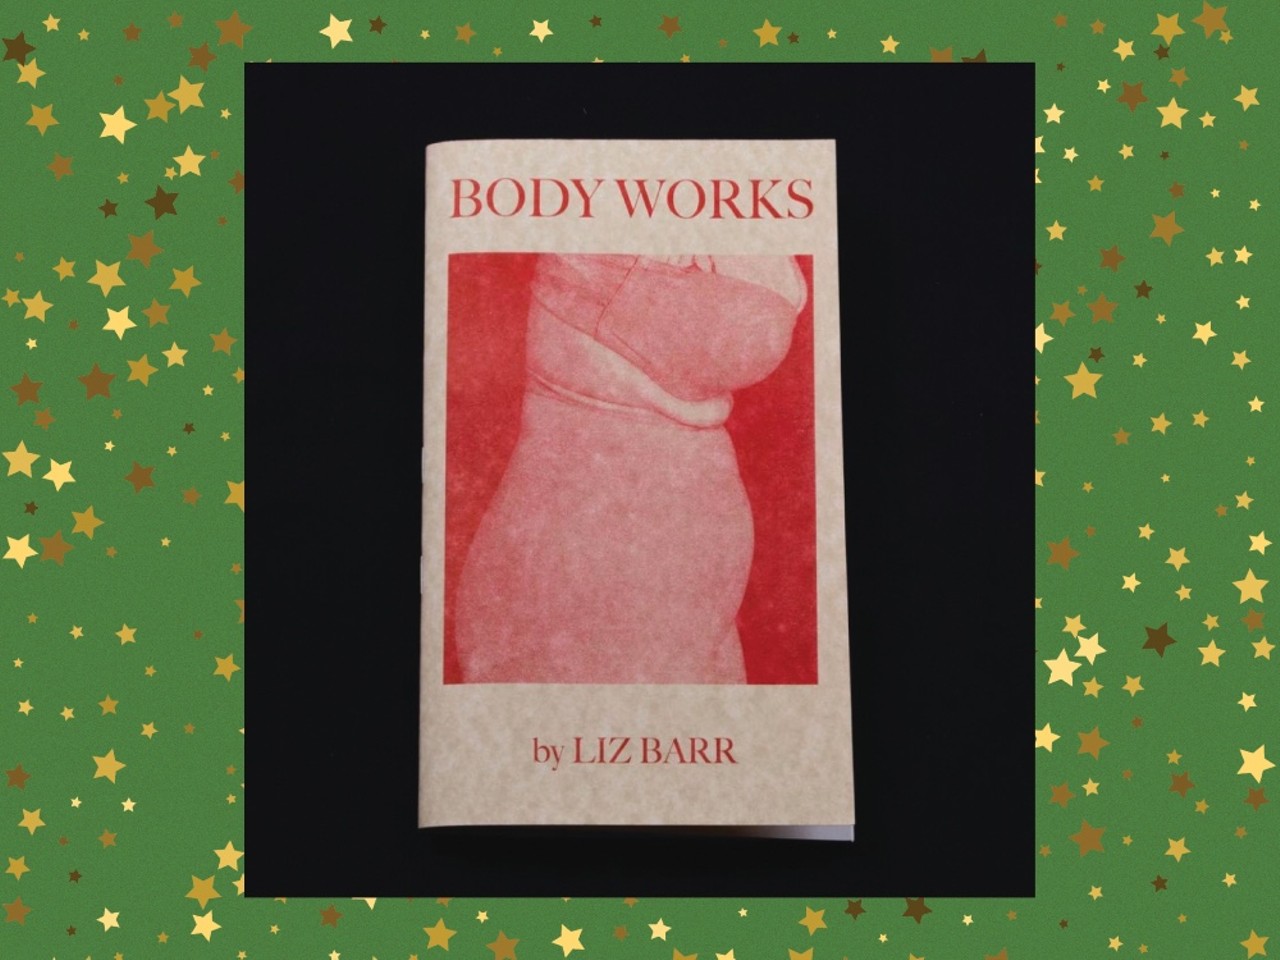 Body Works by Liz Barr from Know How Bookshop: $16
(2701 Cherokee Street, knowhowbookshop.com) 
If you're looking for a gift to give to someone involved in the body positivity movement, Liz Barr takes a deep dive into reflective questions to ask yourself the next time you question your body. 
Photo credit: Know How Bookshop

▶ [The problem]:
Nothing but the lines from the one containing "(2701 Cherokee Street, knowhowbookshop.com)" through the last line of the data above should be set down, word for word.

▶ [Reply]:
(2701 Cherokee Street, knowhowbookshop.com) 
If you're looking for a gift to give to someone involved in the body positivity movement, Liz Barr takes a deep dive into reflective questions to ask yourself the next time you question your body. 
Photo credit: Know How Bookshop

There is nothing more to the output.